Don't parse ISO-8601 datetime strings with a regex
Do not try to parse ISO-8601 with a regex
In 2017, I opened a pull request to Google’s ExoPlayer to properly support datetime strings in HLS manifests configured with a European locale. Basically, support comma (,
) separators for unit delinations, in addition to the regular dot (.
) separators that people are probably used to.
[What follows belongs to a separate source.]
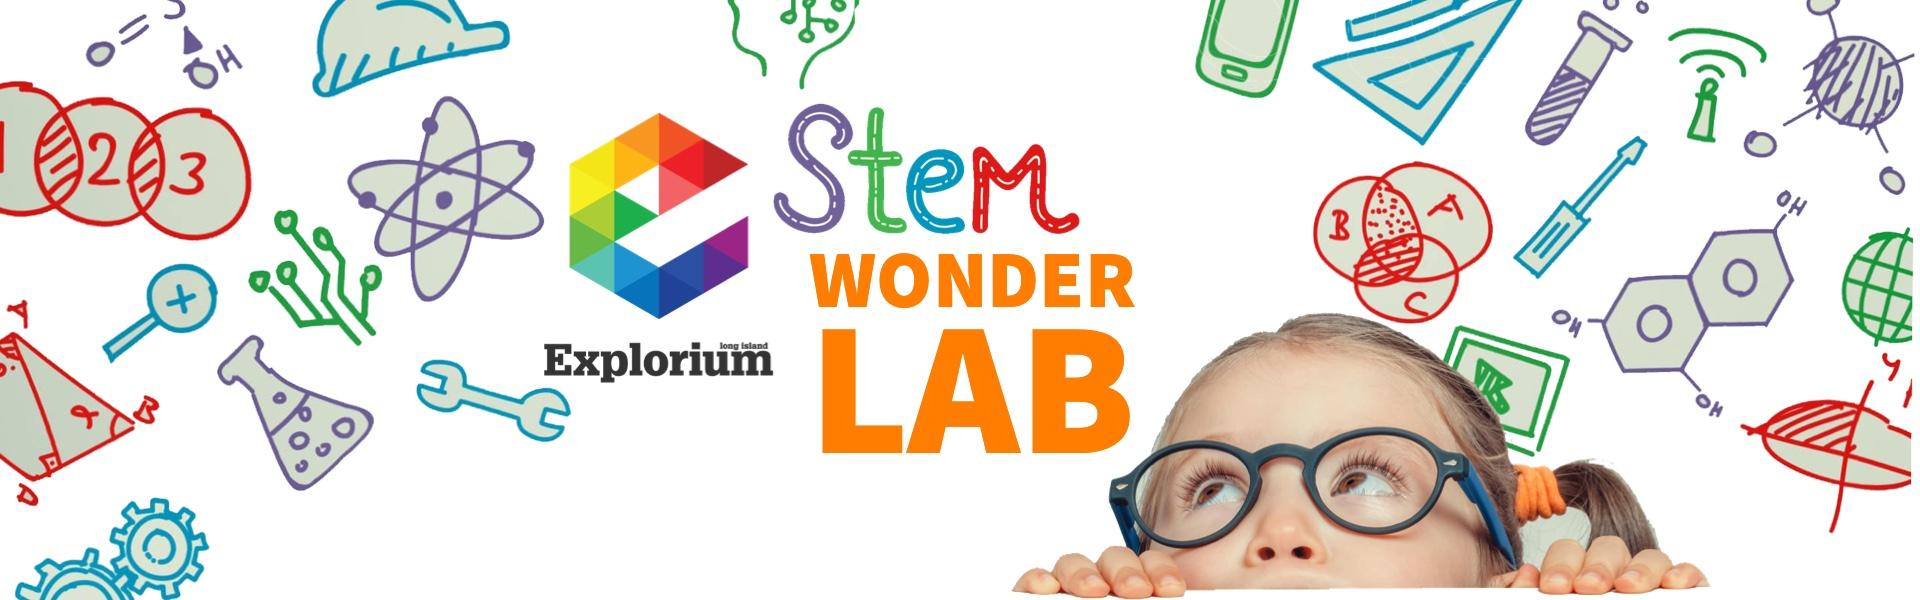 Stem wonder box logo

It was a very simple change that was quickly accepted. A few months later I submitted a similar patch to Django. This one was also ultimately accepted as well.
These were all just trivial regex changes to fix narrow use-cases.
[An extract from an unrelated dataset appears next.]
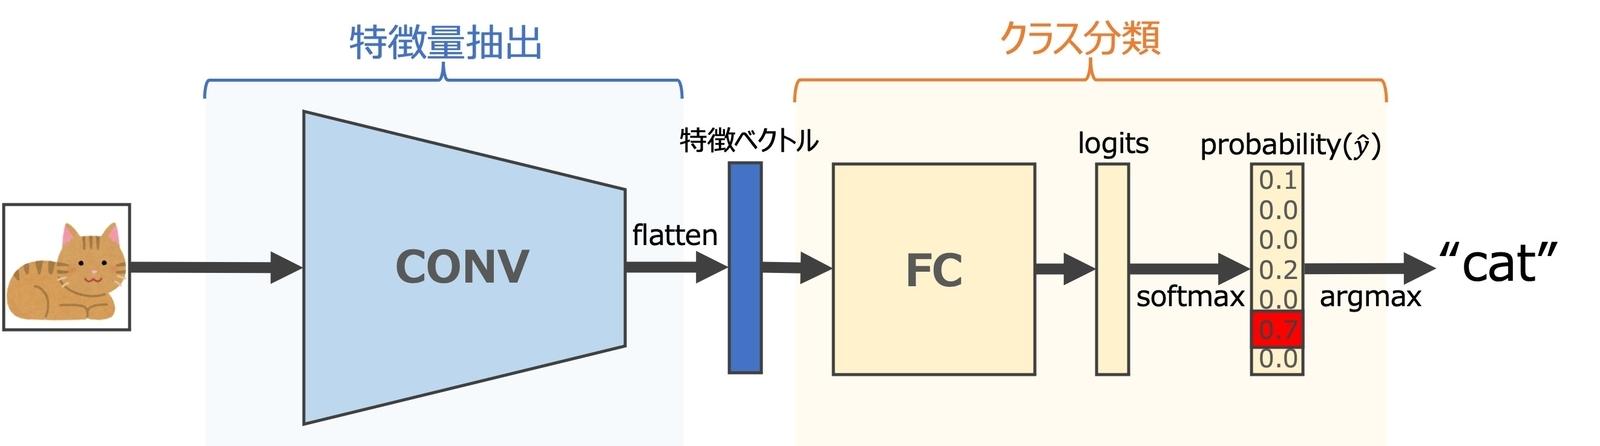 f:id:optim-tech:20210930131332j:plain:w798

Now I’ve just submitted another one to Django to fix yet another regex ISO-8601 parser bug.
I’m starting to see a pattern here.
Do not try to parse ISO-8601 datetime strings with a regex
Consider these two valid ISO-8601 datetime strings:
2012-04-23T10:20:30.400-0200
2012-04-23T10:20:30.400 -0200
Django:
>>> from django.utils.dateparse import parse_datetime
>>> parse_datetime("2012-04-23T10:20:30.400-0200")
datetime.datetime(2012, 4, 23, 10, 20, 30, 400000, tzinfo=datetime.timezone(datetime.timedelta(days=-1, seconds=79200), '-0200'))
>>> parse_datetime("2012-04-23T10:20:30.400 -0200")
>>>
python-dateutil:
>>> from dateutil.parser import parse as parse_datetime
>>> parse_datetime("2012-04-23T10:20:30.400-0200")
datetime.datetime(2012, 4, 23, 10, 20, 30, 400000, tzinfo=tzoffset(None, -7200))
>>> parse_datetime("2012-04-23T10:20:30.400 -0200")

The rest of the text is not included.